Post-discharge, on March 26, 2011, the debtor, on behalf of Studio 26, exercised a five- year extension option on the commercial lease. The extension agreement was drafted by Dr. Douglas Leavitt, the managing partner of LFLP, and signed by the debtor in his capacity as president of Studio 26. The extension commenced on June 1, 2011, and ended on May 31, 2016. Studio 26 vacated the leased premises prior to the end of the lease term, as extended.

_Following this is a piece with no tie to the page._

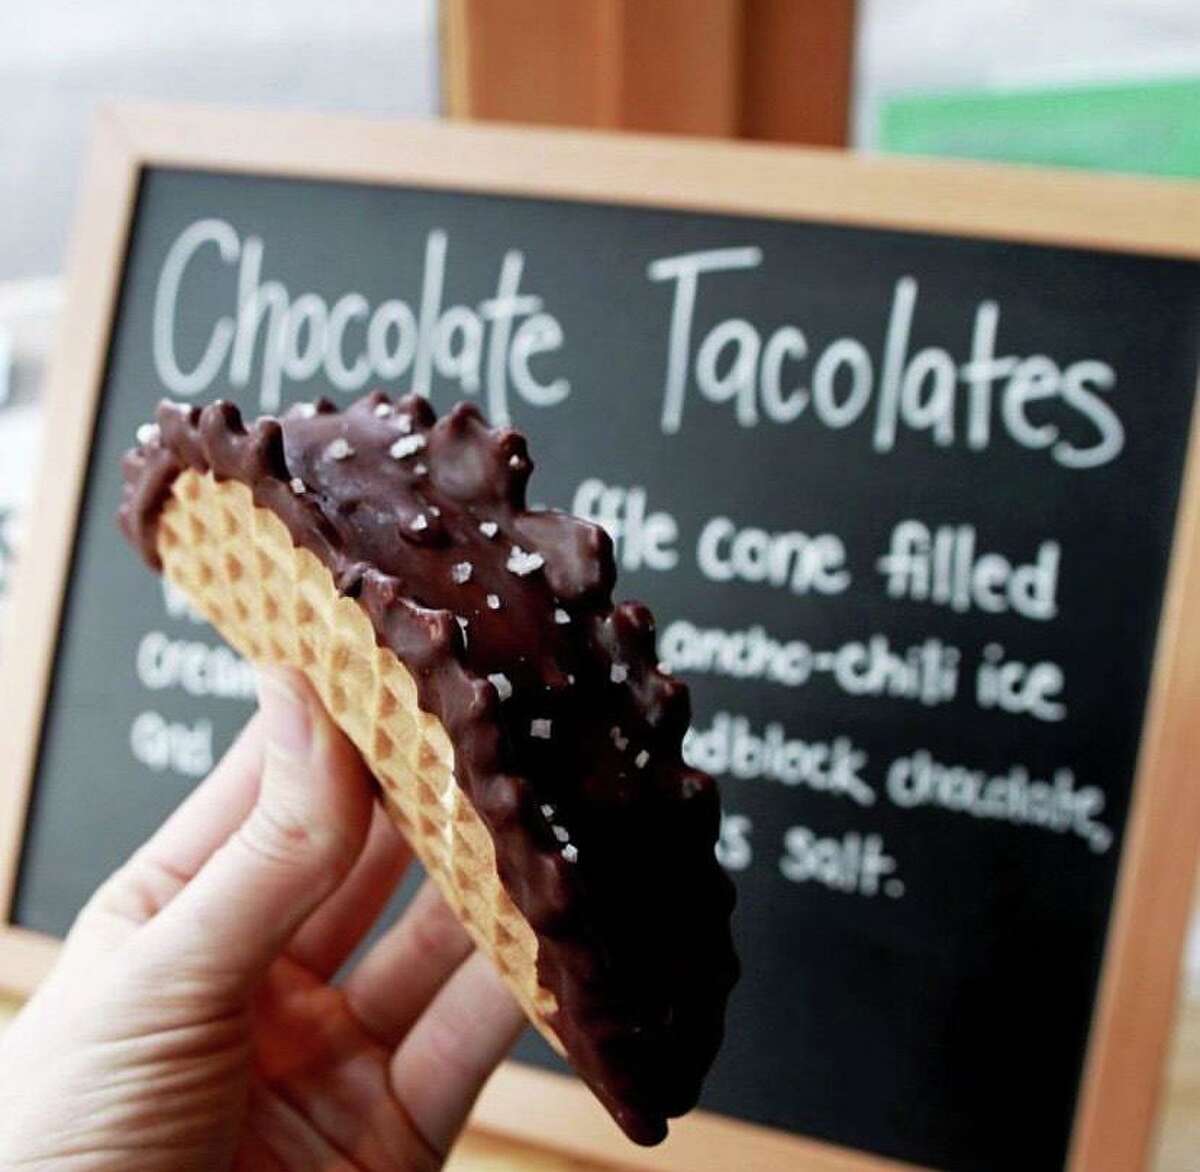 The chocolate tacolate is Salt & Straw’s version of the Choco Taco, which has been discontinued.

LFLP, represented by Toma, filed suit against the debtor on November 19, 2015, in Lake County Common Pleas Court, Case No. 15-CV-002016 (“state court action”). The state court action set forth the following allegations:

1. On or about September 25, 2005, Studio 26 Salon, Inc. (“Studio 26”), entered into a written Lease with the plaintiff, the Leavitt Family Limited Partnership (“LFLP”), to rent the following premises, to wit: approximately 1620 square feet in the shopping center located at 5867 Mayfield Road, Mayfield Heights, Ohio 44124. A copy of the Lease is attached hereto as Exhibit A. 2. In order to induce LFLP to lease the premises to Studio 26, the defendant, Paul D. Orlandi (“Orlandi”), executed a personal guarantee, agreeing to be personally responsible for all charges accruing under the Lease for Studio 26. A copy of the Guarantee [sic] of Lease Agreement is attached as Exhibit B. 3. The personal guarantee provides that it is “absolute and unconditional” and that it shall “remain in full force and effect without regard to, and shall not be released discharged or in any way affected by” any amendment, No. 19-8001 In re Orlandi Page 4

modification, supplement, extension, renewal, or change in the terms of the Lease, or limitation on liability or obligation by operation of bankruptcy. See, Exhibit B. 4. On or about March 26, 2011, the parties agreed to extend the lease term to May 31, 2016. A copy of the Extension is attached as Exhibit C. 5. The Extension was executed in accordance with the Option Term provided for in the original Lease. See, Exhibit A. 6. Studio 26 and Orlandi have breached the Lease by failing to pay rent, vacating the premises before the expiration of the lease term, and causing damage to the property. 7. Studio 26 [is] no longer in business. 8. Orlandi owes LFLP $24,750.00 in unpaid rent as of November 1, 2015, plus rent as it continues to accrue, and compensation for damages to the property. 9. Despite due demand, Orlandi has failed to pay LFLP the money due and owing.

(Exhibit Tender Sheet, Adv. No. 17-01006, ECF No. 39, Exhibit D).1

In his answer to the state court action, the debtor included “Discharge in Bankruptcy” as an affirmative defense, thus notifying Toma of the debtor’s discharge. LFLP and Toma continued the state court action, and the debtor filed a motion to reopen his bankruptcy case. The bankruptcy court reopened the bankruptcy on November 9, 2016, and the debtor filed this adversary proceeding on January 5, 2017, asserting that the personal guaranty was discharged and that LFLP and Toma willfully violated the discharge injunction by filing the state court action. The state court action was stayed on November 28, 2016.